Journal of Pediatric Nursing
- Discipline: Pediatric nursing
- Language: English
- Edited by: Mandie Jane Foster

Publication details
- History: 1986–present
- Publisher: Elsevier
- Impact factor: 1.800 (2017)

Standard abbreviations
- ISO 4: J. Pediatr. Nurs.

Indexing
- ISSN: 0882-5963

Links
- Journal homepage;

= Journal of Pediatric Nursing =

The Journal of Pediatric Nursing (also known as JPN) is a peer-reviewed nursing journal publishing evidence-based practice, quality improvement, theory, and research papers on a variety of pediatric nursing topics, covering the life span from birth to adolescence. It is published by Elsevier.

== History ==
The journal was established in 1986, with Dr Cecily L. Betz as its founding editor-in-chief.

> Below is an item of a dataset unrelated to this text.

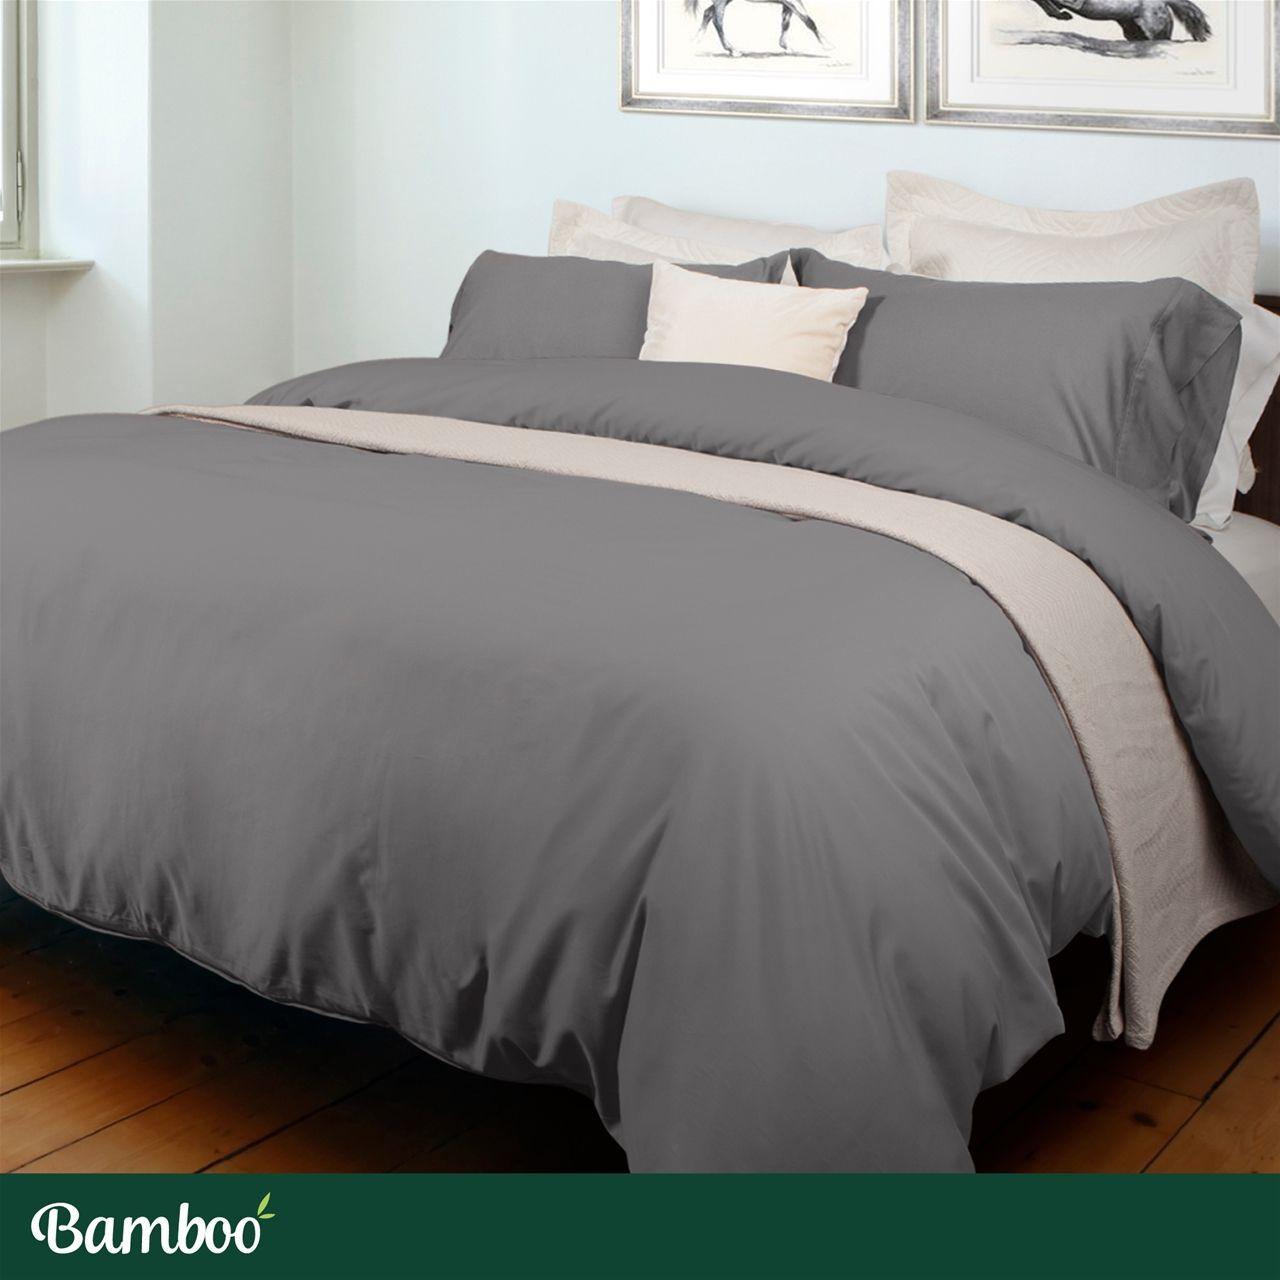 Bamboo Blend Duvet Cover Slate Qe Home Modern Style Bedding
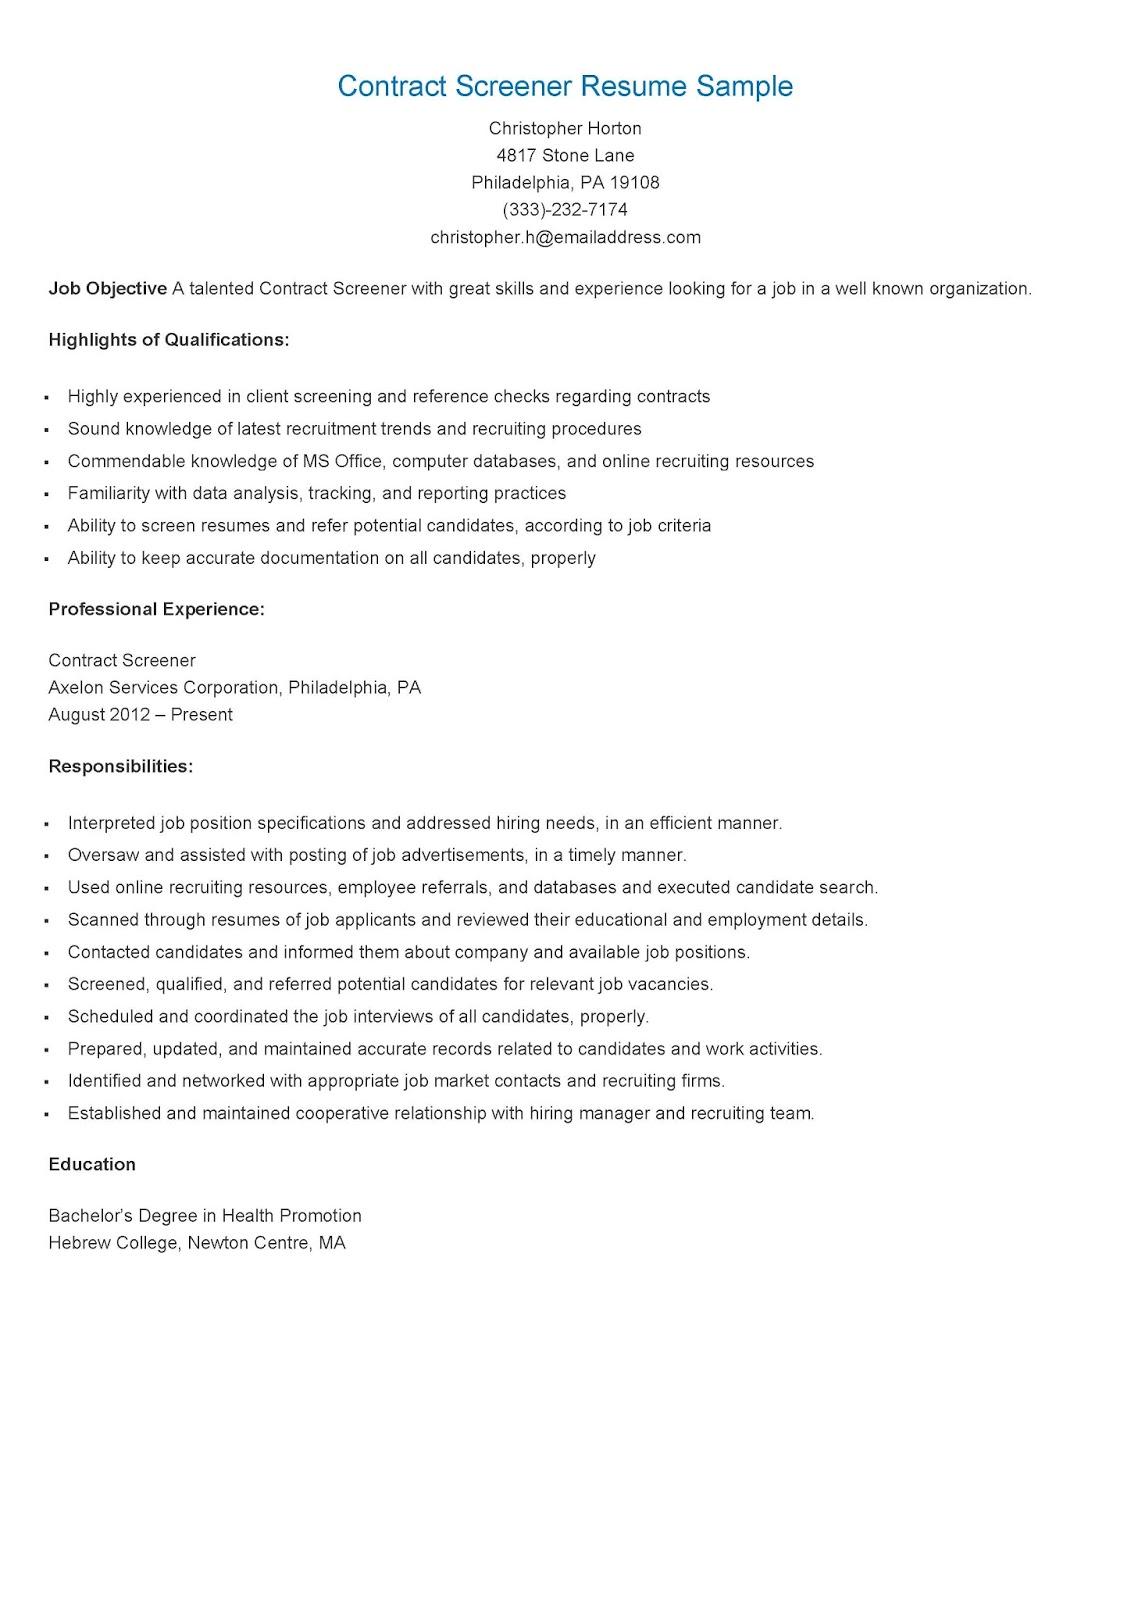 resume samples  contract screener resume sample

It is the official journal of the Society of Pediatric Nurses and the Pediatric Endocrinology Nursing Society and its current editor-in-chief is Dr Cecily L. Betz (University of Southern California).

== Abstracting and indexing ==
The journal is abstracted and indexed in:

- CINAHL
- MEDLINE
- PubMed

According to the Journal Citation Reports, the journal has a 2017 impact factor of 1.800.